** Exercise requirements **
Below this sentence is a listing; return exactly its lines from the one with "Vintage Striped Sweater" to the one with "Centennial Park park", both kept, and nothing more.

** Provided records **
-=-=-=-=-
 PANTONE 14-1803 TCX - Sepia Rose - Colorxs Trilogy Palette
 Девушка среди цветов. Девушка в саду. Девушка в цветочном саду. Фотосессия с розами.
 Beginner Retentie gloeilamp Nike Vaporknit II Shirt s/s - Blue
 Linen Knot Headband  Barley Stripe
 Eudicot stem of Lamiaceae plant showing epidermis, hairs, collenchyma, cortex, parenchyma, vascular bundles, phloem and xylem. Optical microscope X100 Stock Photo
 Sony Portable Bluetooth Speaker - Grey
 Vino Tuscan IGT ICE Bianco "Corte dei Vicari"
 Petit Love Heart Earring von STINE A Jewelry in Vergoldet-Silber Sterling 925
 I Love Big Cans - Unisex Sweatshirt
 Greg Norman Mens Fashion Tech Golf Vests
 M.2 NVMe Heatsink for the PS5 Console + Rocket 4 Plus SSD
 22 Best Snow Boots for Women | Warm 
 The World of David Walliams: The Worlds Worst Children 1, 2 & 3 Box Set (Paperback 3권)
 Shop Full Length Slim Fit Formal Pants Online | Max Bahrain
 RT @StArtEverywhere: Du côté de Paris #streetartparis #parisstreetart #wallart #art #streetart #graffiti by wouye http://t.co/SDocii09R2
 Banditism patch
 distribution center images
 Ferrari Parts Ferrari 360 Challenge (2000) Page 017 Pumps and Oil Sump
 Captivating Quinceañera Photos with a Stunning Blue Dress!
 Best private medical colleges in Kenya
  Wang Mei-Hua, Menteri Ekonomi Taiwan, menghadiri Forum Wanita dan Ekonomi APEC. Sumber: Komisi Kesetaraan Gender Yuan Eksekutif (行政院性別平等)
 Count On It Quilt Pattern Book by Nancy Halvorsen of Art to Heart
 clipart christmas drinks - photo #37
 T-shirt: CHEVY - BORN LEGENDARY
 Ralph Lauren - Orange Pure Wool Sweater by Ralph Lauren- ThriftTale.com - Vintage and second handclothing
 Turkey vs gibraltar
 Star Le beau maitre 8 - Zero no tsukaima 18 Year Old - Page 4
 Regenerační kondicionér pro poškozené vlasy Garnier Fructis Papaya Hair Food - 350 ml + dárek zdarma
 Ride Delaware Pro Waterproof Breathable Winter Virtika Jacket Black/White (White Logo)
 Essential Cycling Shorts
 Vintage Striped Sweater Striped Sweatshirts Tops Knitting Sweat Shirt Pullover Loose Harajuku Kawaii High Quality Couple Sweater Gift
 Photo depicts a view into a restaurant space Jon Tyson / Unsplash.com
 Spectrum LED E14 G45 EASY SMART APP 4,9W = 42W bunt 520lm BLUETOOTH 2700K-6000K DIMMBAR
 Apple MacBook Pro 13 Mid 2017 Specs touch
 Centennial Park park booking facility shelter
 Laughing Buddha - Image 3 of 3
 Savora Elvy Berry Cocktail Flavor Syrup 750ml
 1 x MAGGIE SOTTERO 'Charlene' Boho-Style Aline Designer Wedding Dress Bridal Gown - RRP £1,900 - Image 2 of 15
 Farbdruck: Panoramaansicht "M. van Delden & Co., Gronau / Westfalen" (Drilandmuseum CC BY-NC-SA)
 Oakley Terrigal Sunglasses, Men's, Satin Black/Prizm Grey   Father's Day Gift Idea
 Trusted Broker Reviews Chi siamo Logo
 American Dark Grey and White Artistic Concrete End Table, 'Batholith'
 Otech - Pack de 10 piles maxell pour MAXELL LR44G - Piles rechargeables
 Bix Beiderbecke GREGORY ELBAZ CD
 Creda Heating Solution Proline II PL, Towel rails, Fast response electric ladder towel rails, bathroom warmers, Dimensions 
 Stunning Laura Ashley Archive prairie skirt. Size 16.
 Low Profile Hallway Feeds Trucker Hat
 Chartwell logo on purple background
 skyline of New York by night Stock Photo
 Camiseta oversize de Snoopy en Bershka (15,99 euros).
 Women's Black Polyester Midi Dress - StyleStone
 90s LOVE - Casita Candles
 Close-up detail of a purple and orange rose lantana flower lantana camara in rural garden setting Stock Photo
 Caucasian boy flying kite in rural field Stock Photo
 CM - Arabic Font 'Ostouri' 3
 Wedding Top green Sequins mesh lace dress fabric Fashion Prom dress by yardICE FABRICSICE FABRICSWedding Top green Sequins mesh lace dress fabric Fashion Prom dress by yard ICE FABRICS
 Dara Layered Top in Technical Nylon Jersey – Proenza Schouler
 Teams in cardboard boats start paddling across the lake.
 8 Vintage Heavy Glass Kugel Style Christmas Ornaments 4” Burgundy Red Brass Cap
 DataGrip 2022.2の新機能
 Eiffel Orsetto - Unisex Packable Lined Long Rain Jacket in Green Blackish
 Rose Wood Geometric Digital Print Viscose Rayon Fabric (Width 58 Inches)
-=-=-=-=-
** Result **
 Vintage Striped Sweater Striped Sweatshirts Tops Knitting Sweat Shirt Pullover Loose Harajuku Kawaii High Quality Couple Sweater Gift
 Photo depicts a view into a restaurant space Jon Tyson / Unsplash.com
 Spectrum LED E14 G45 EASY SMART APP 4,9W = 42W bunt 520lm BLUETOOTH 2700K-6000K DIMMBAR
 Apple MacBook Pro 13 Mid 2017 Specs touch
 Centennial Park park booking facility shelter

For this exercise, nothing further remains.